Because vLLM is server infrastructure and its audience is ML ops. The official changelog is written for people operating inference clusters. None of the mainstream release note summaries cover what to do once you have vLLM serving, beyond 'point your app at it'. The missing half of the story is the consumer substrate: something running on the user's own Mac that turns model output into actual clicks and keystrokes in real apps. Fazm's Custom API Endpoint field is a consumer-grade answer to that question, and it happens to plug straight into a vLLM deployment via any Anthropic-compatible shim.

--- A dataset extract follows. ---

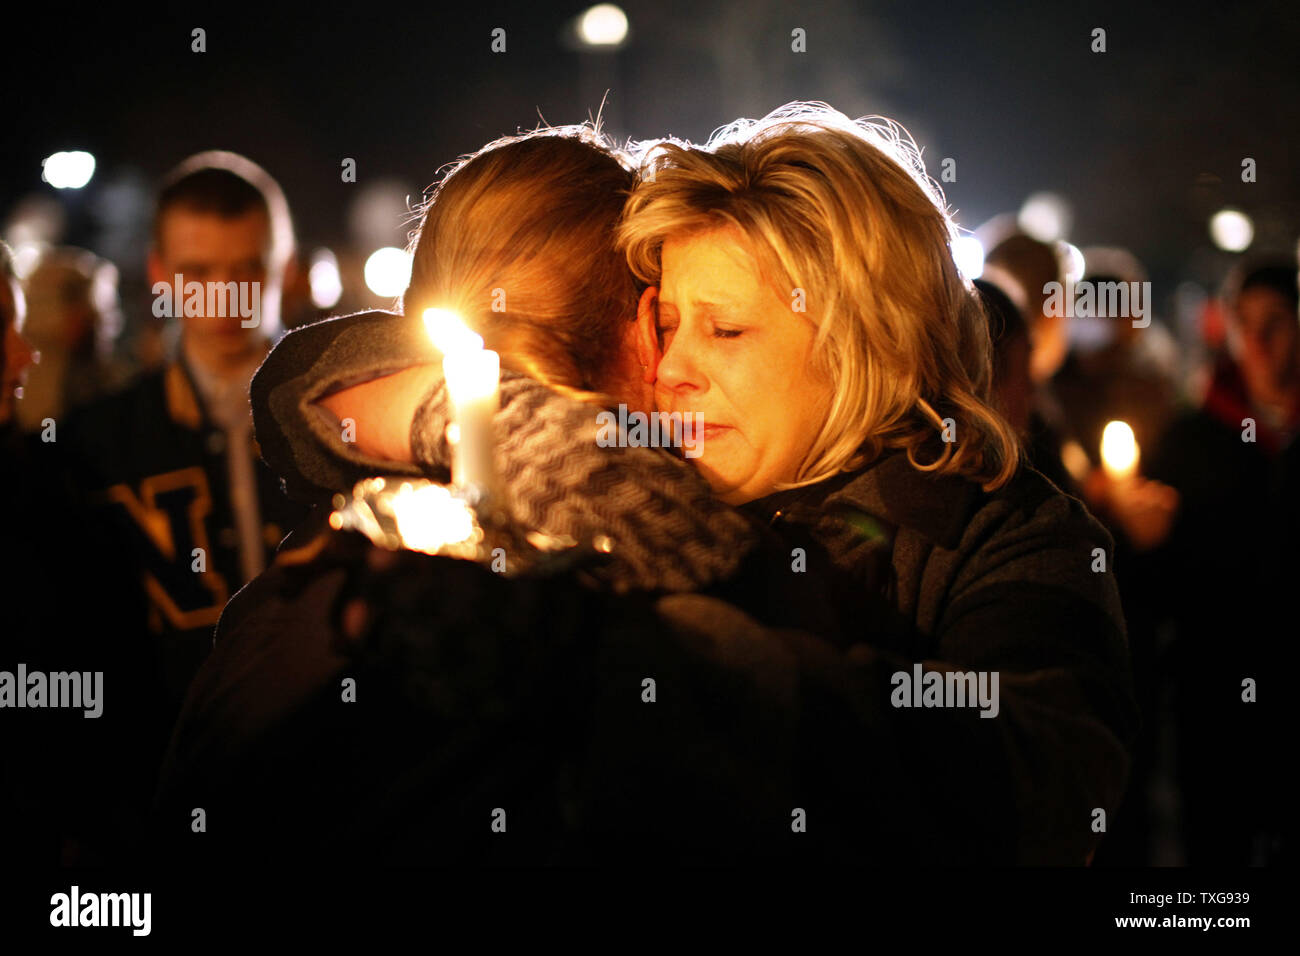 Two women hug outside of Saint Rose of Lima Catholic Church in Newtown, Connecticut during a prayer service and vigil in response to a shooting that left at least 26 people dead including 18 children at the Sandy Hook School earlier in the day on December 14, 2012.  A gunman opened fire inside inside Sandy Hook Elementary School early Friday morning where his mother worked.  The suspect 20-year-old Adam Lanza, reportedly killed himself following the shooting rampage inside the school.  UPI/Matt Healey Stock Photo

What should I read alongside the vLLM 2026 release notes?
The vllm-project/vllm GitHub releases page for the raw changelog and commit lists. NVIDIA's vLLM Release Notes PDF for NGC-packaged versions and container compatibility. The vLLM blog at blog.vllm.ai for design rationale on larger changes. Fazm's April 2026 vLLM update post for release commentary. And Fazm's own source tree at github.com/mediar-ai/fazm to see how a consumer-side agent hooks into the endpoint that vLLM exposes.

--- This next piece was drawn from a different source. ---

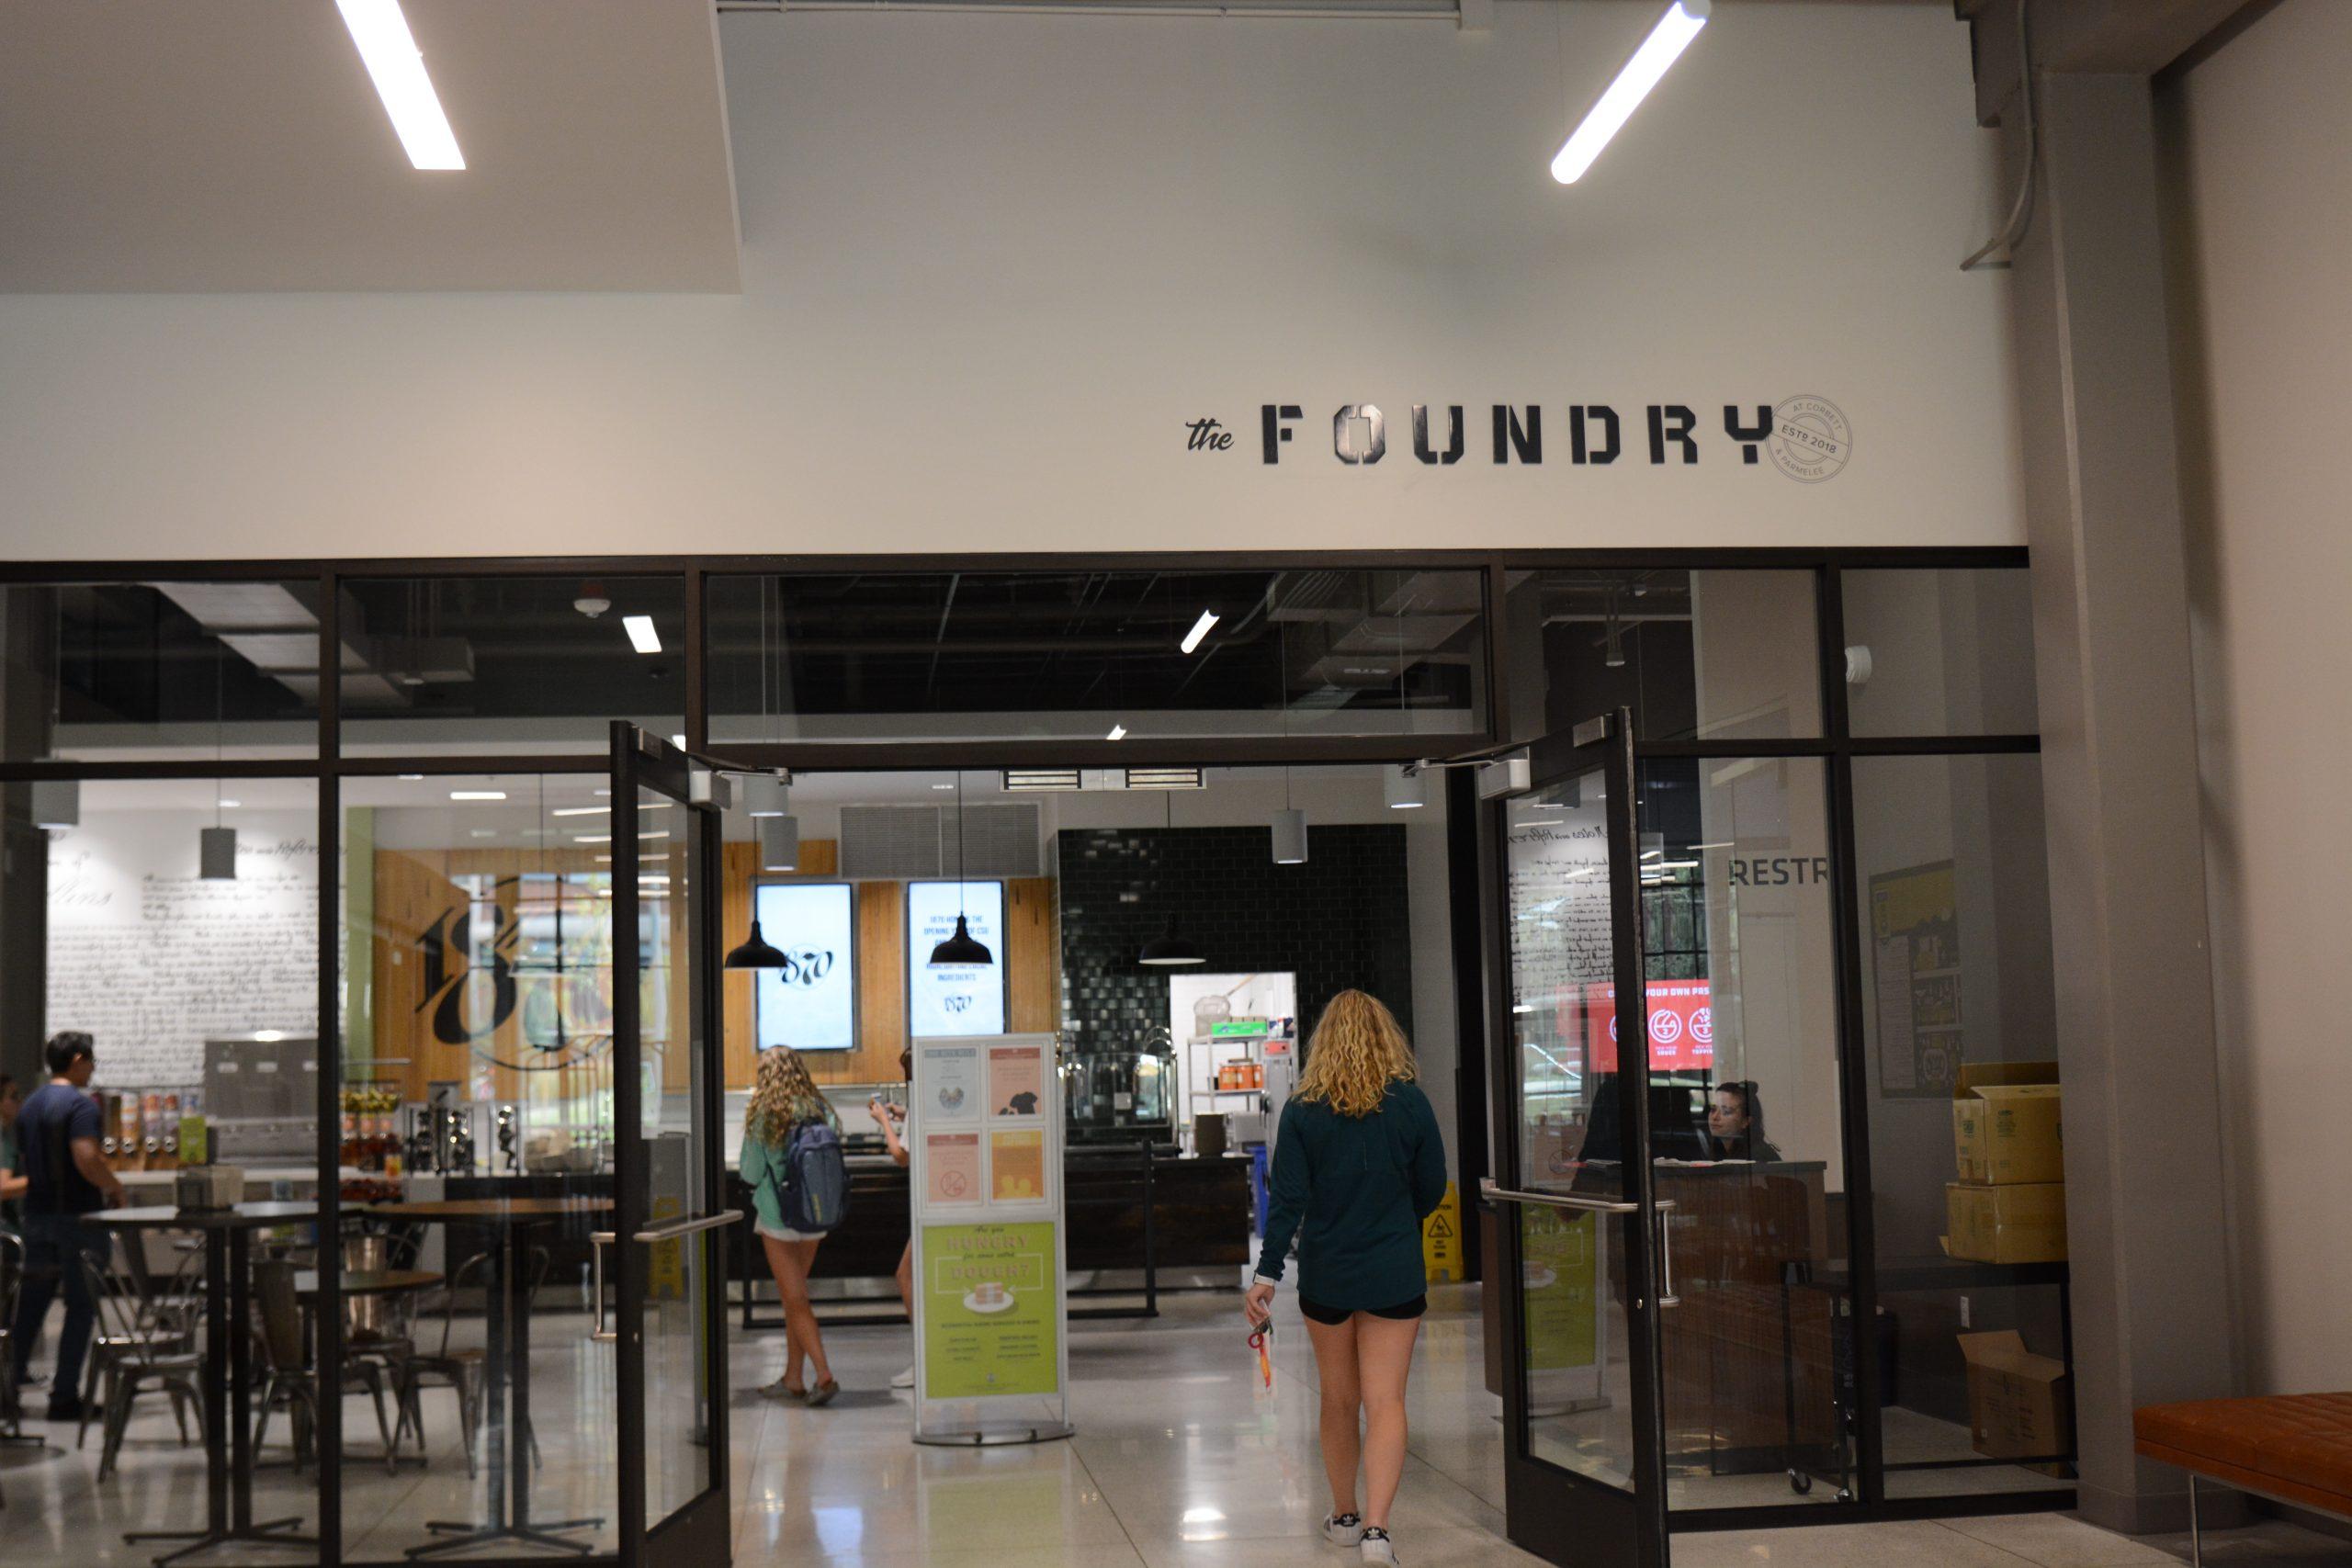 The+Foundry+offers+new+dining+hall+experience%2C+composting+opportunity

Is this only useful for self-hosting, or does it work for managed vLLM too?
Either. Anyscale, Modal, RunPod, Fireworks, and Together all offer managed vLLM-style deployments in 2026, typically behind an OpenAI-compatible endpoint. The Anthropic-to-OpenAI shim sits in front of whatever URL your provider gives you. The only thing Fazm cares about is that the endpoint behind ANTHROPIC_BASE_URL speaks Anthropic Messages. How you got there, self-hosted vLLM on a single H100, a multi-node gRPC cluster, or a managed provider, does not change the Fazm side.